Gavin: Tell us about all the stuff you're doing for the Festival.

Phil: Aside from signing my books at Night Flight Comics on Library Square , I will be reading from Dinosaurs Across America on Friday, June 27 from 7 pm to 8 pm. On Saturday June 28, from 2 pm to 3 pm I will offer a mini workshop for kids about how to go about creating their own graphic novels. When I think of KIDS I include everyone from 1 to 101. Cartoons have a way of reaching the kid in all of us and I never really believed that cartoonists and their fans ever grow up. Both of these events will be in The Salt Lake City Library.

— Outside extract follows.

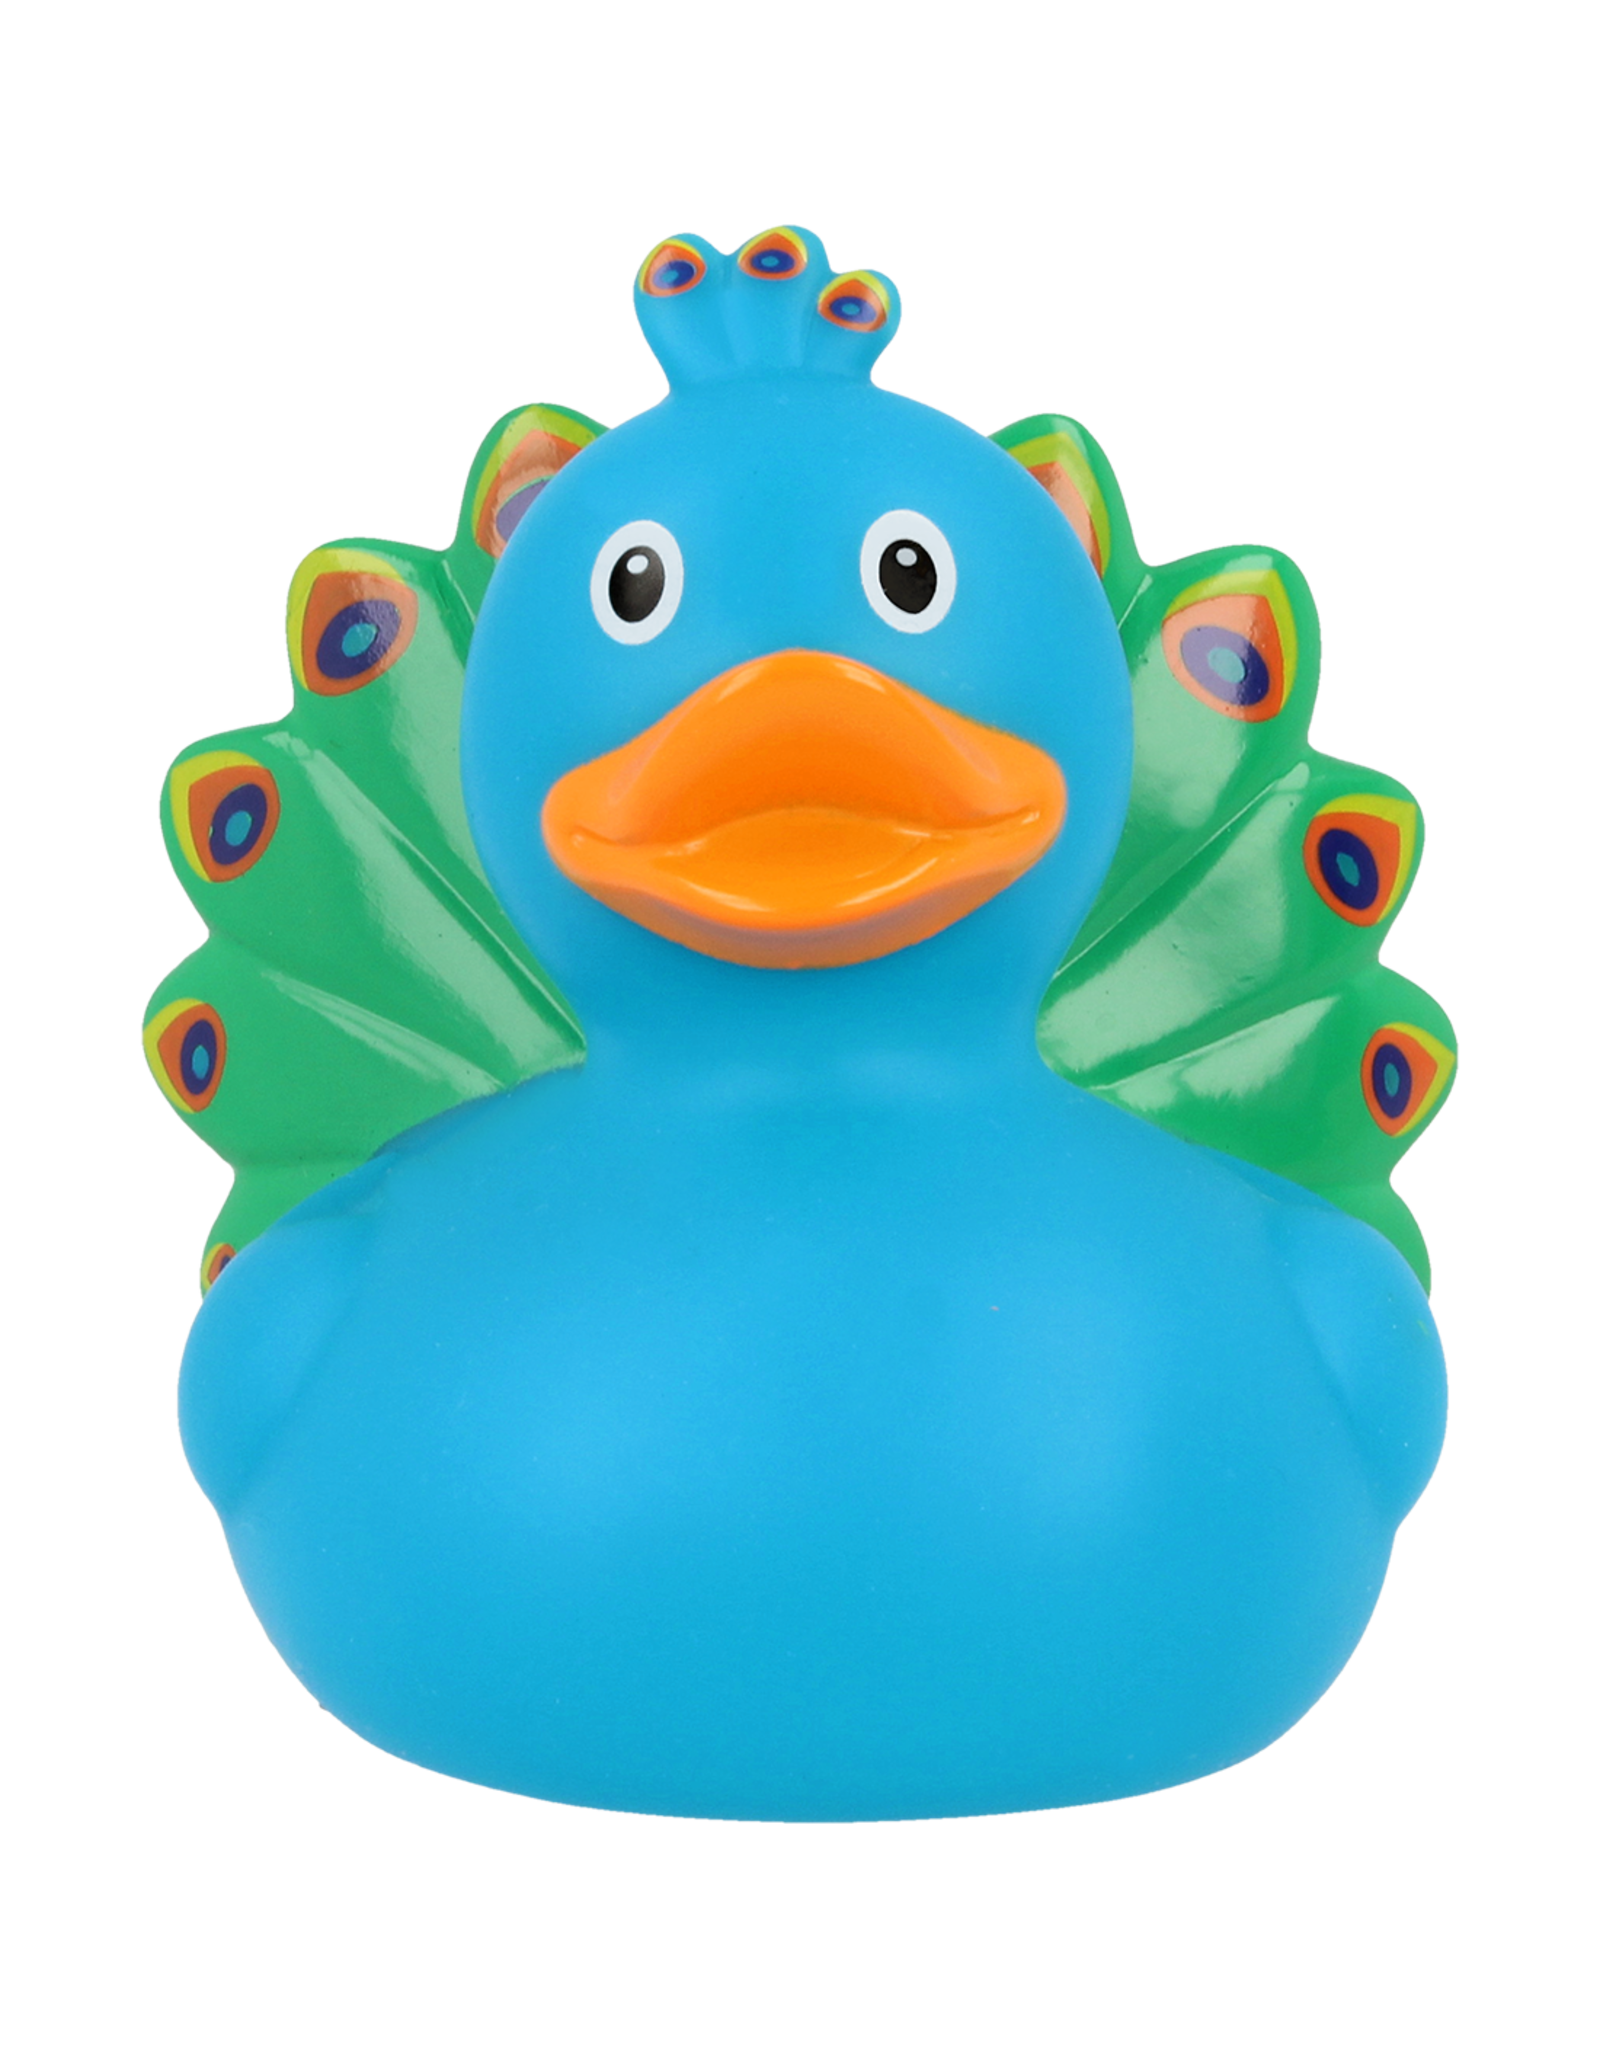 Lilalu Colourful Peacock Rubber Duck

I will also be painting a mural in the Night Flight store during the festival and signing copies of my books.

Gavin: Why did you choose to do a mural?

Phil: We love to do these murals as a way for the media to get a vivid picture of the issues that we promote. It's hard to film literacy but when you are making a mural, you give a visual to the issue and to the solutions that we offer. We paint these murals on school walls, on bookmobiles, on foamcore, on vans and trucks and welcome anyone to contact us at WingedTiger.com to come to their community anywhere on this planet until the year 2010.

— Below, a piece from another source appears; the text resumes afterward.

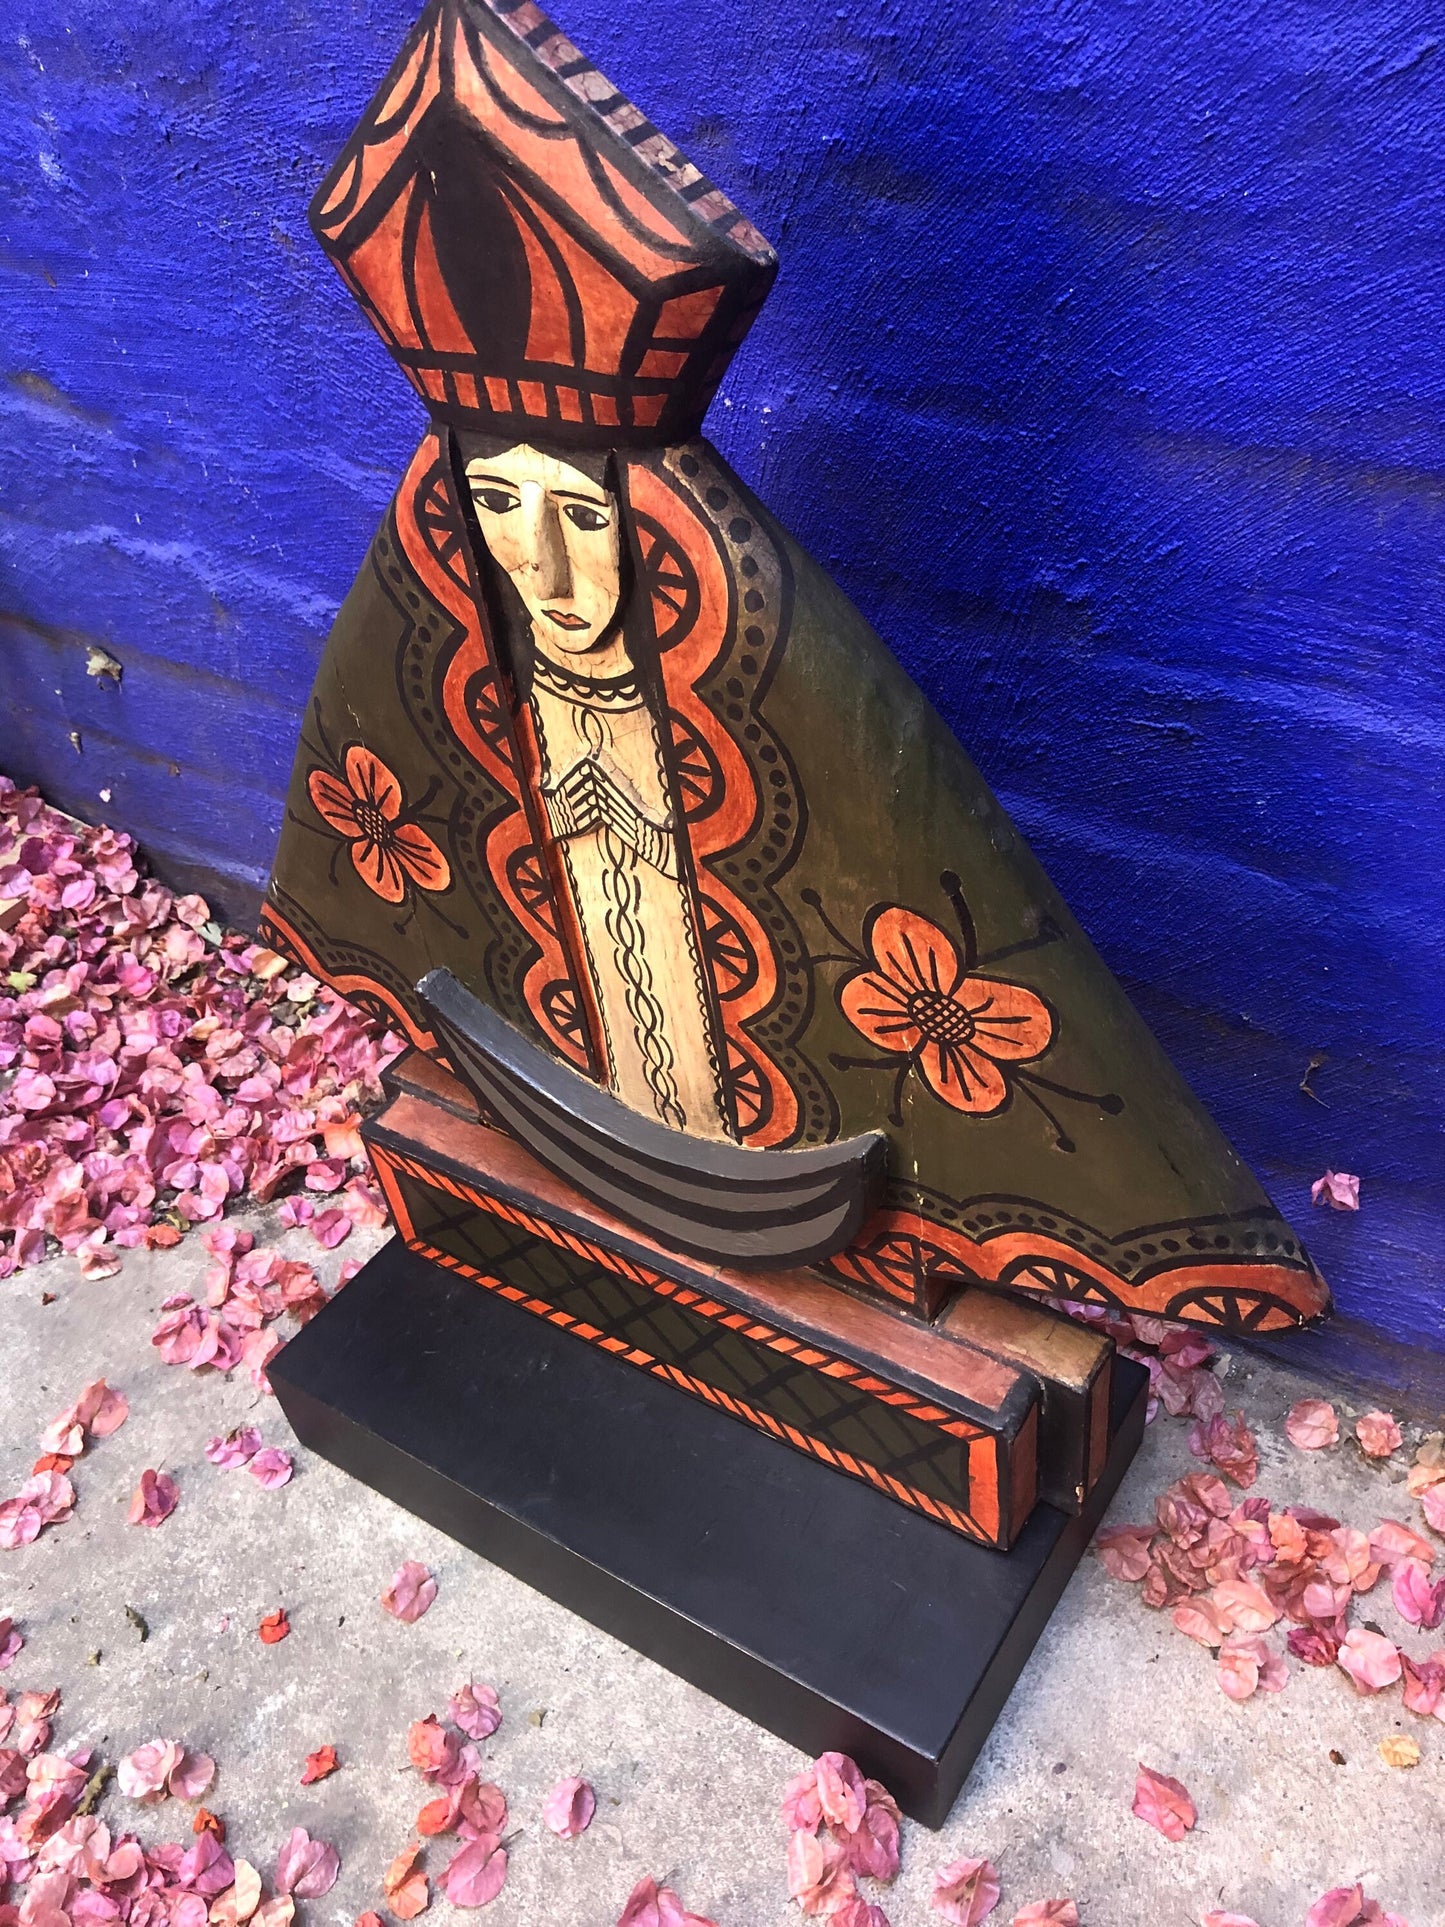 Religious Madonna Figure on Wood Stand

Gavin: Will you be doing anything else locally while you're in town, or mainly sticking to the festival?

Phil: I am just in town for a short stay on this trip but would love to come back and appear across the state!

Gavin: What can we expect from you the rest of the year?

Phil: I will be doing our mural events and speaking in schools and libraries throughout the rest of 2008 and all the way until this tour ends in 2010. We have the San Diego Comic Con in July 08 and then events in Illinois and Missouri for August and September as well as a big Kid's Festival in Phoenix that month. In October we will be in the San Francisco Bay Area and now we are lining up more events in the Western United States through February 2009. We try and appear in as many states as possible every year and in the summer of 09’, we hope to travel to Europe. I was in China twice in 2007, I have a new color comic strip in a great children's magazine called Little Star in China. The magazine is in English and directed at the International Students and their families in Beijing and Shanghai. Copper lace artist Lieve Jerger has been coloring all these works, and my partner Geoff Bevington in Chicago is now making many of these images into limited edition fine art prints. Geoff, Lieve and I are actually working on a brand new book called Steve the Dog and The Winged Tiger, a story of a couch potato dog becoming a Renaissance Dog. That book will debut in April 09’ in Chicago where I was born, but like all my work, it is designed for a universal audience.